Escuché terribles crujidos que parecían provenir de debajo de la línea de flotación. Del mismísimo averno. Era como si una roca rajase el casco y el agua empezara a entrar a borbotones. En cualquier momento sonaría la señal de alarma y la gente enloquecería. Entonces todos se pondrían los chalecos salvavidas y tratarían de recordar, posiblemente de manera inútil, las advertencias del simulacro de situaciones de emergencia. Poco a poco el barco se hundiría, probablemente de lado, con el agua alcanzando cubiertas más altas, mientras los pasajeros se suben desesperada y desordenadamente a los botes salvavidas. Allí dentro todo se movería más y habría verdadero pánico. Y vómitos, llantos e infartos. Y yo, mientras, quizá seguiría allí arriba, ensimismado por el poder de la naturaleza, por el fragor de aquella hermosa batalla entre océano y barco, para aguardar una muerte sin duda honrosa, épica, digna de contar y de ser escrita.

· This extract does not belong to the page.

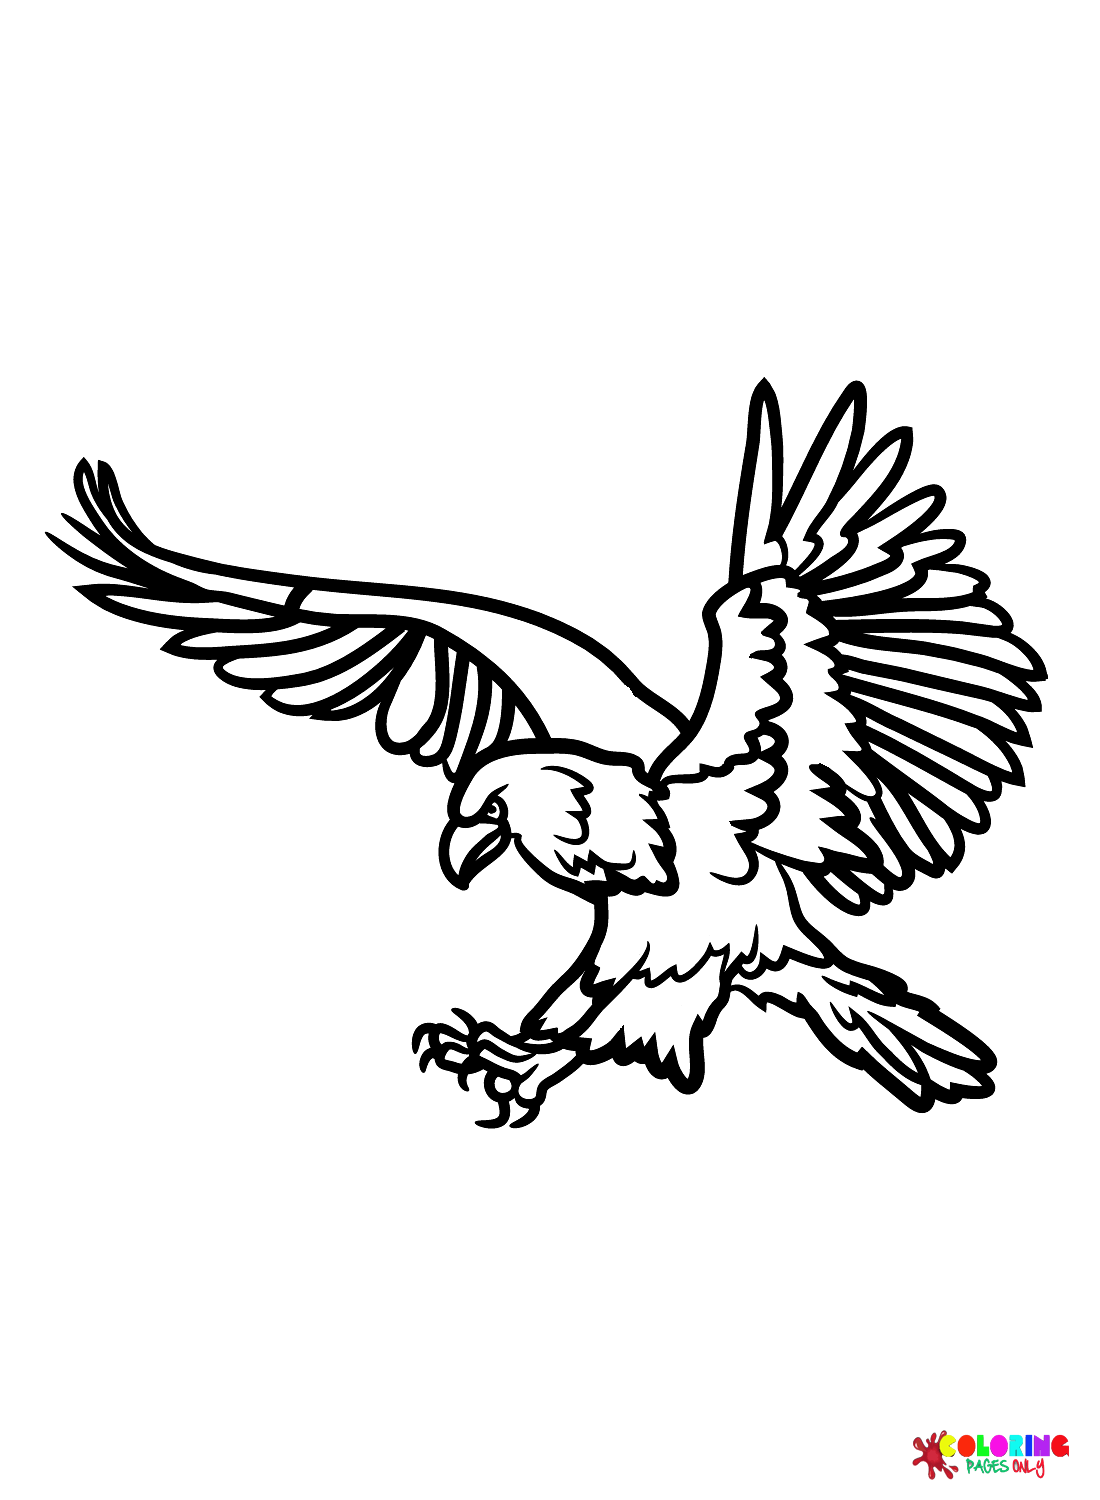 Halcones aterrizados de halcones

Pero los crujidos no pasaron de eso, de crujidos, y la batalla nunca se celebró y, si se celebró, la ganó el barco, el hombre, y poco a poco el viento amainó y hacía que mi presencia allí arriba tuviera menos sentido. Por eso regresé al camarote y no sabía exactamente cómo sentirme, pero creo que cierta pena me invadió cuando abrí la puerta, me quité la chaqueta, vi que ella seguía durmiendo y yo traté de imitarla tumbándome a su lado.